La prohibición era un hecho en Estados Unidos, aunque
raramente afectaba a los ricos, que solían tener amplias bodegas de
vino, así como las necesarias conexiones para conseguir bebidas más
fuertes.
En cuanto las mujeres entraron en el salón, John, Philip y el
embajador Long dejaron de observar el antiguo mapa colgado en la
pared. Estaban disfrutando de unos cócteles y de unos momentos de
conversación informal, conscientes de que el salón se llenaría
pronto de invitados. Era un local pensado para el entretenimiento a
alto nivel. En las paredes colgaban antiguos tapices cuyos colores
se iban desvaneciendo, aunque eran aún magníficos. En cada extremo
del amplio salón había una chimenea tan alta como un hombre y tan
ancha como diez. Eran de mármol blanco, con esculturas que databan
de la época del Imperio, cinceladas con motivos de cisnes. No
obstante, en esa cálida tarde de junio, el fuego no estaba
encendido. En la pared opuesta a la entrada, seis puertas francesas
estaban abiertas de par en par para que pudiese entrar la brisa
refrescante. Fuera, candelas encendidas iluminaban una terraza de
mármol que parecía no tener fin. El espacio estaba adornado con una
pequeña fuente que enviaba una cascada de agua desde una enorme
caracola que una Venus de un metro de altura sostenía en sus
manos.
La conversación de los hombres se detuvo cuando Devon y Grace
se aproximaron. Grace estaba atractiva con su vestido estilo griego
de gasa blanca, cuya falda se movía graciosamente cuando andaba.

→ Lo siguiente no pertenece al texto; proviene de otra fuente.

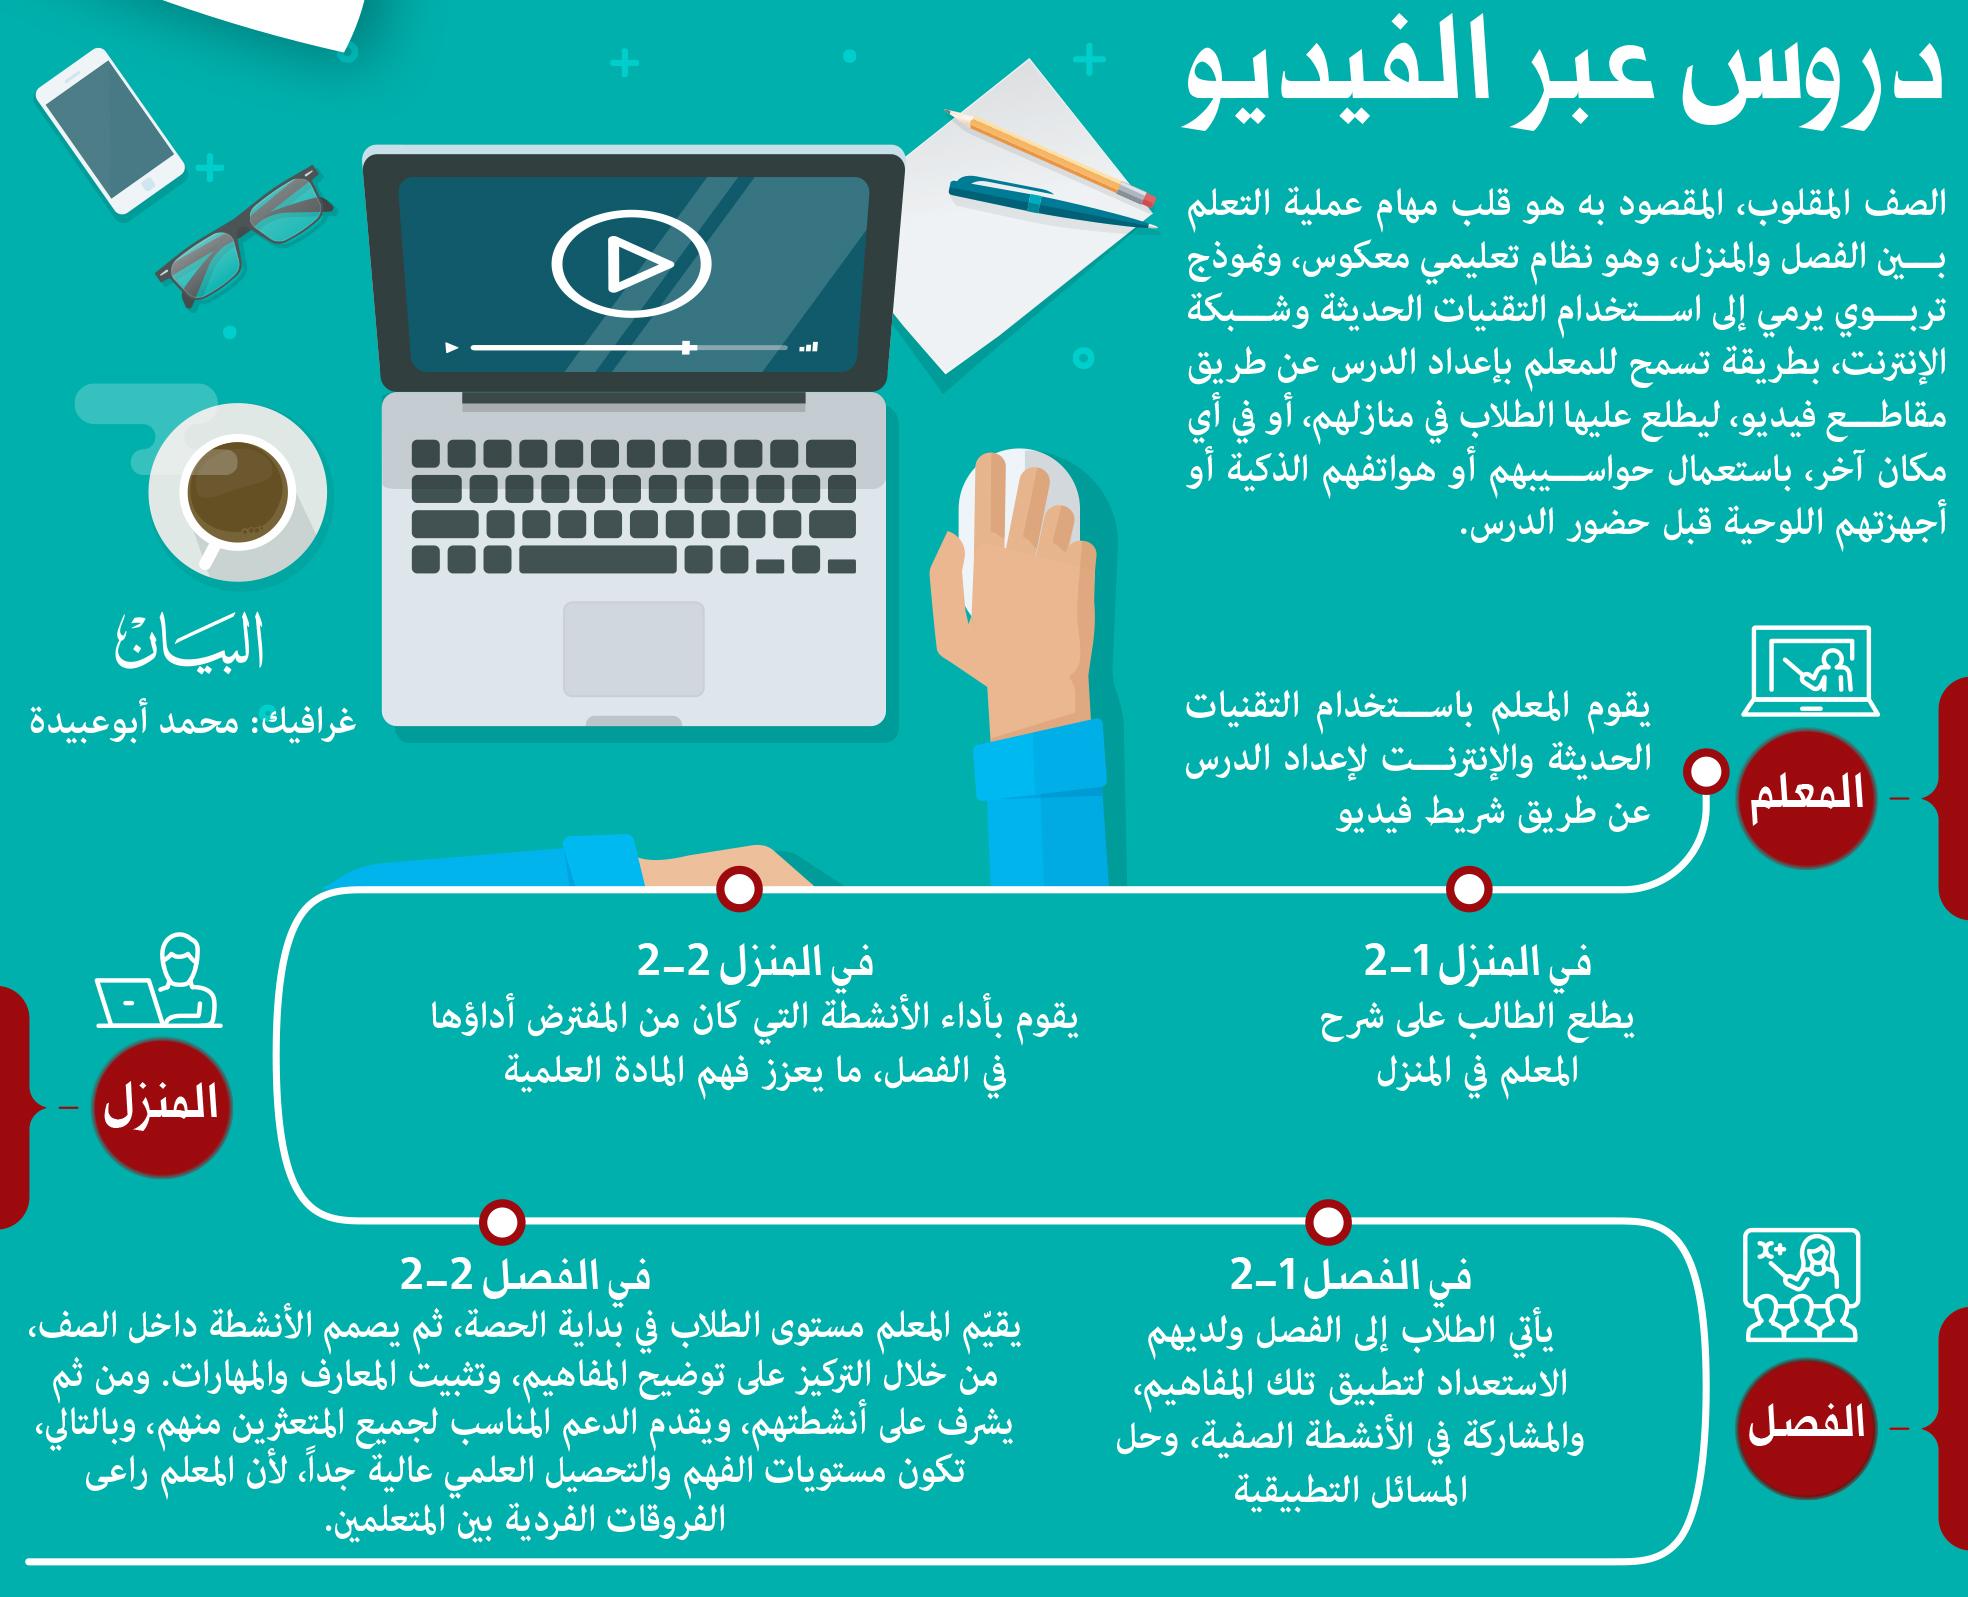 8 مرتكزات ترسم مستقبل التـعليم في الإمارات عبر الإمارات تعليم البيان
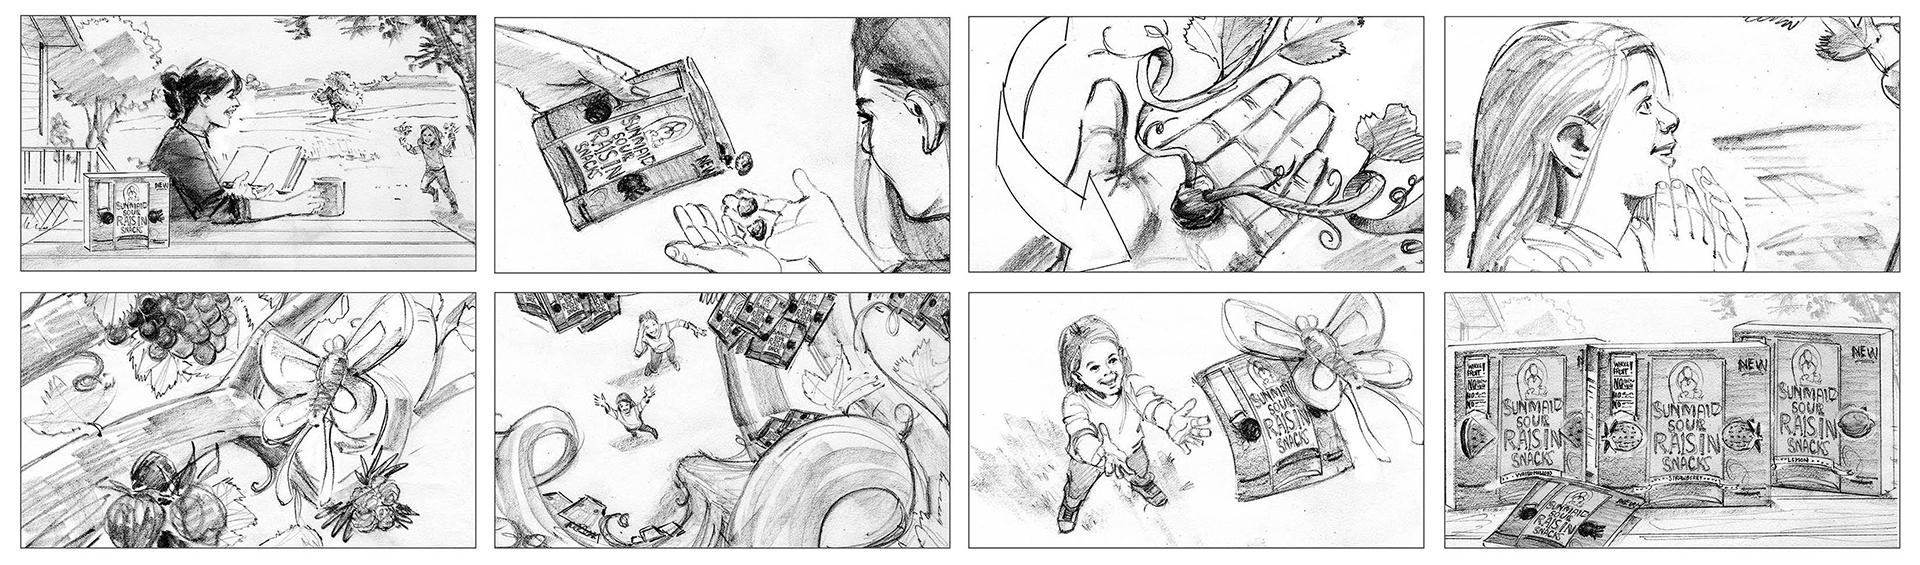 sm_storyboards.jpg

Pero fue Devon quien atrajo la mirada de los hombres. El juego de
luces sobre la suave tela negra de su vestido causaba un hechizo
hipnotizador en el grupo. Los tres hombres contemplaron a Devon con
silenciosa admiración.
En el mismo momento en que la vio, John, lejos de enfadarse
por el atrevido vestido negro de Devon, sintió un irresistible
deseo de hacer el amor con ella. No, no de hacer el amor, sino de
poseerla, sin precaución ni paciencia. El sentimiento del deseo le
alegró porque, de forma inexplicable, no había sentido necesidad de
hacer el amor con Devon desde que supo lo de su embarazo. No sabía
por qué; no lograba comprender este sentimiento. Pero ahí estaba,
una invisible barrera entre él y su esposa donde antes sólo había
existido amor sin reservas.
La entrada de Devon con su vestido negro le sacudió todo
sentimiento de reserva que hubiera estado preocupándole. No era que
el vestido resultara más revelador que cualquier otro de los que
había llevado en el pasado. Era la propia Devon. Desprendía un aura
de ser deseada y, al mismo tiempo, decía y hacía sólo lo apropiado
y cortés. Para John, esta actitud era nueva en su esposa. No sabía
de dónde procedía, pero la reconocía como si siempre hubiese estado
en ella; algo que había notado la primera vez que se
conocieron.
Los ojos de John se posaron en Devon con cariño, y le sonrió.
Una sonrisa curvada e inconsciente que envió una descarga a la
espina dorsal de Devon. Por un momento, olvidó el dolor que le
había provocado y sólo sintió amor. No sólo amor, sino también la
más pura atracción animal, algo que, sin darse cuenta, la hizo
moverse aún con más languidez. De pronto, John pensó en Loretta.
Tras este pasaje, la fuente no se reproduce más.